**Supplied information:**
▶

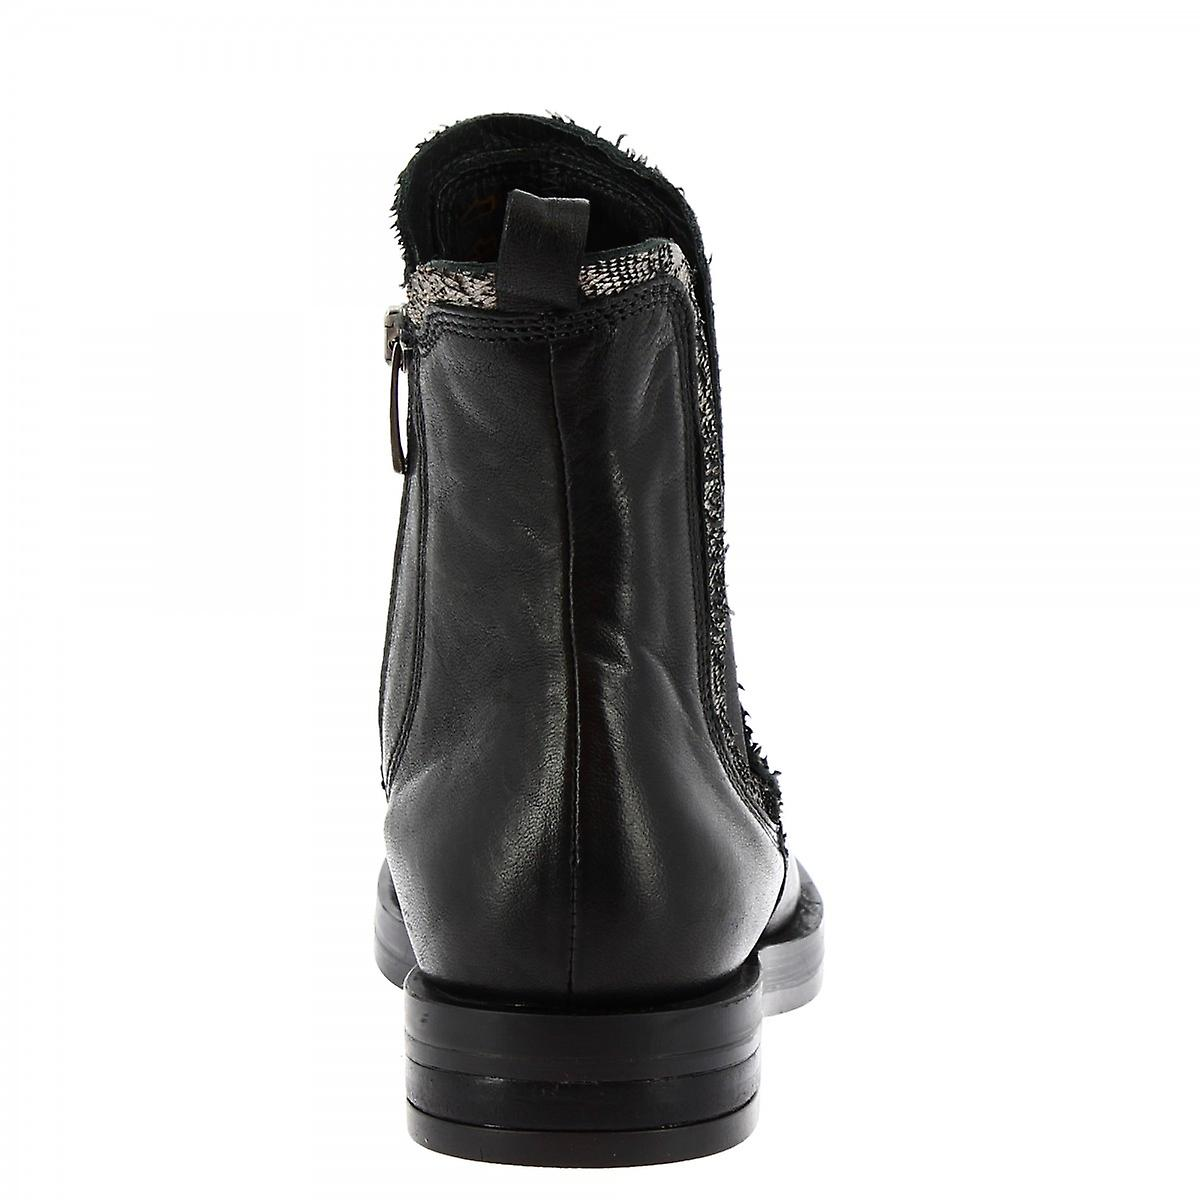 Leonardo Shoes Women's Handmade Fashion Chelsea Boots Black Calf Leather
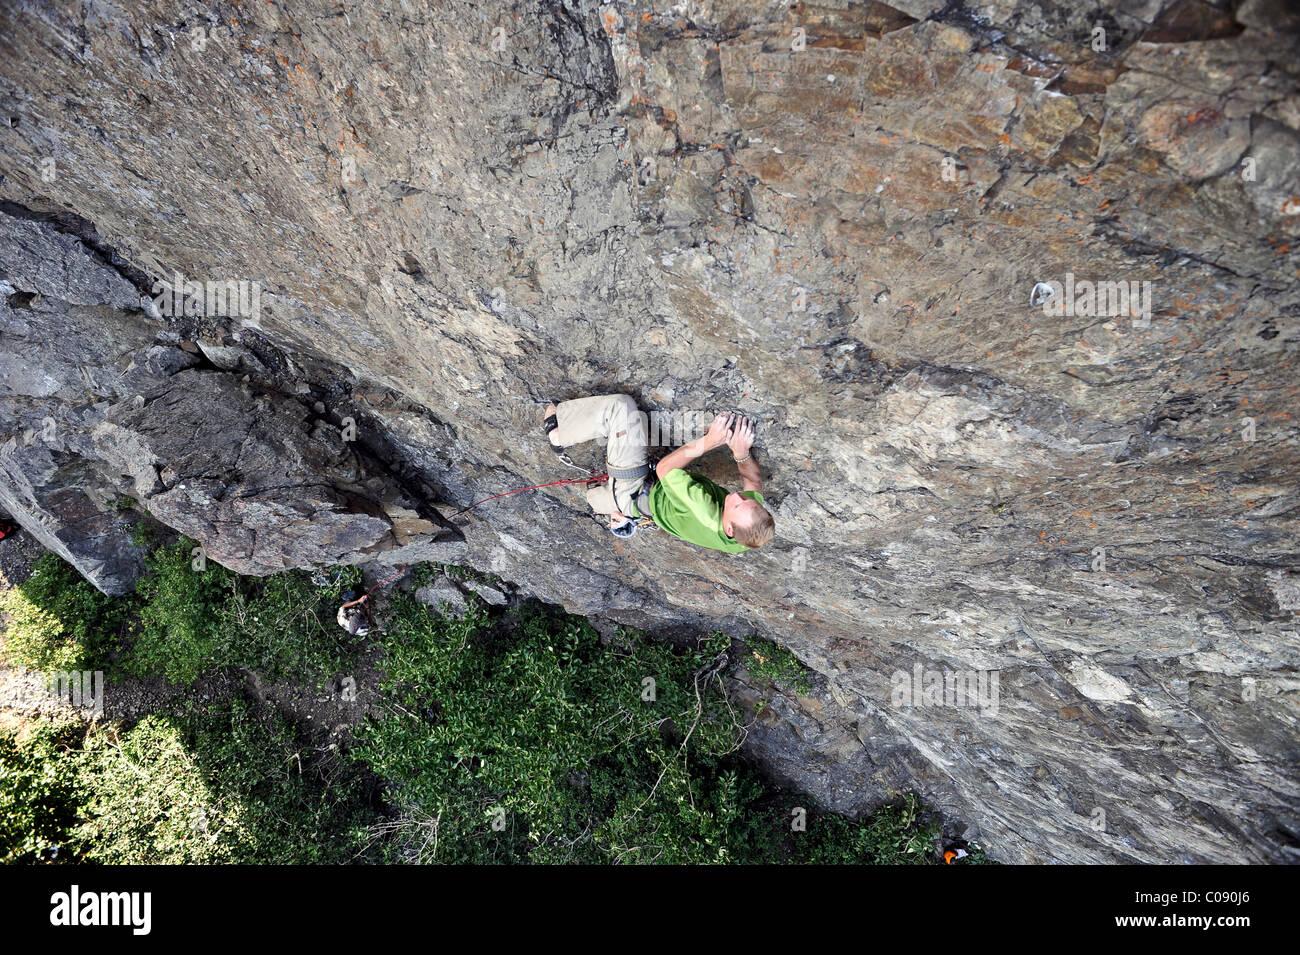 Kletterausrüstung In Der Nähe : Rock climbing equipment stockfotos & bilder
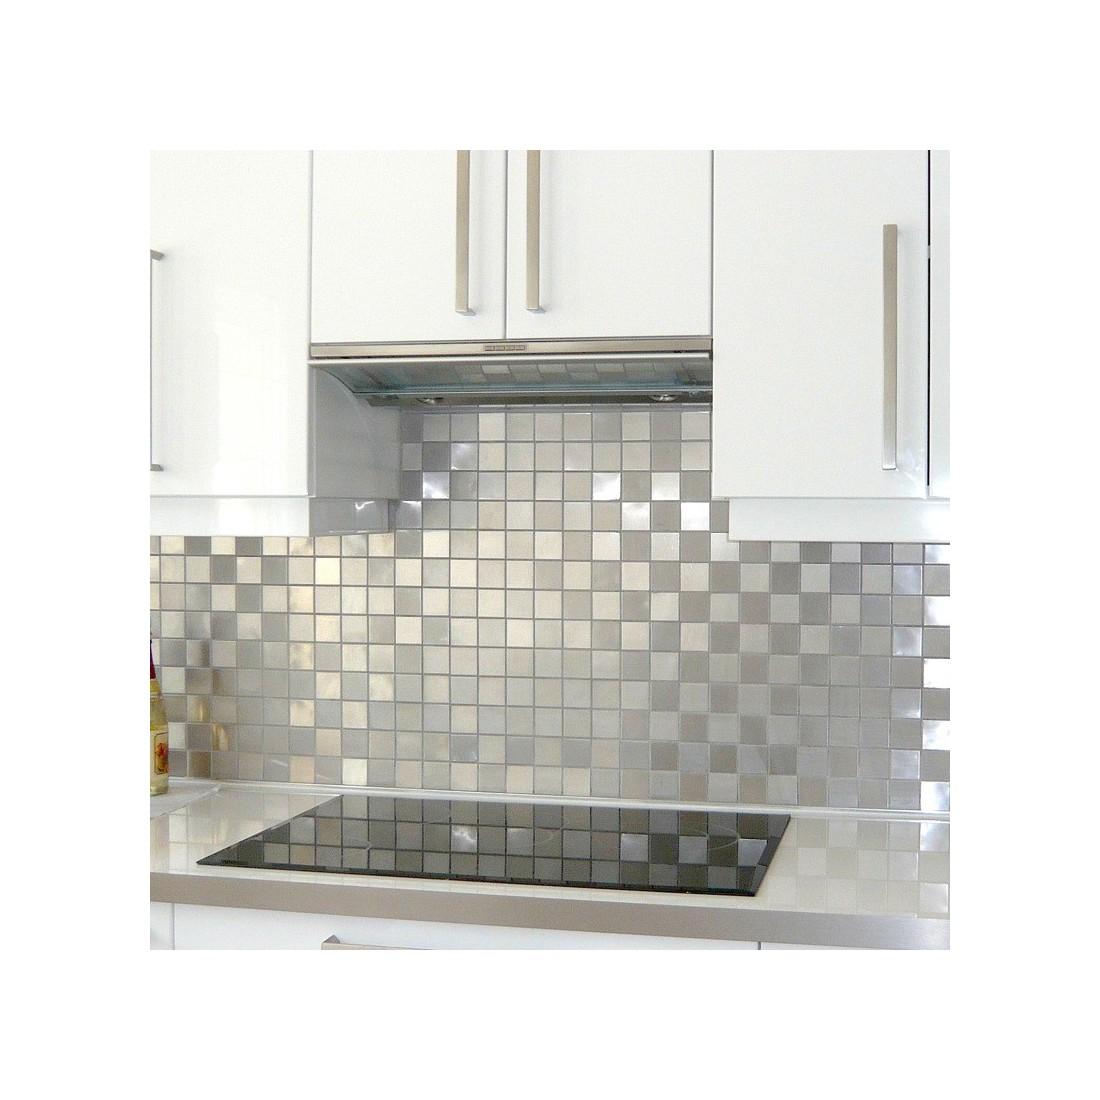 Mosaique et carrelage inox faience credence damier 48 - Faience pour credence cuisine ...

◀

**Work instructions:** The pictures should be dropped, and every line above should be set down again exactly.

**Solution to this exercise:**
 Leonardo Shoes Women's Handmade Fashion Chelsea Boots Black Calf Leather
 Kletterausrüstung In Der Nähe : Rock climbing equipment stockfotos & bilder
 Mosaique et carrelage inox faience credence damier 48 - Faience pour credence cuisine ...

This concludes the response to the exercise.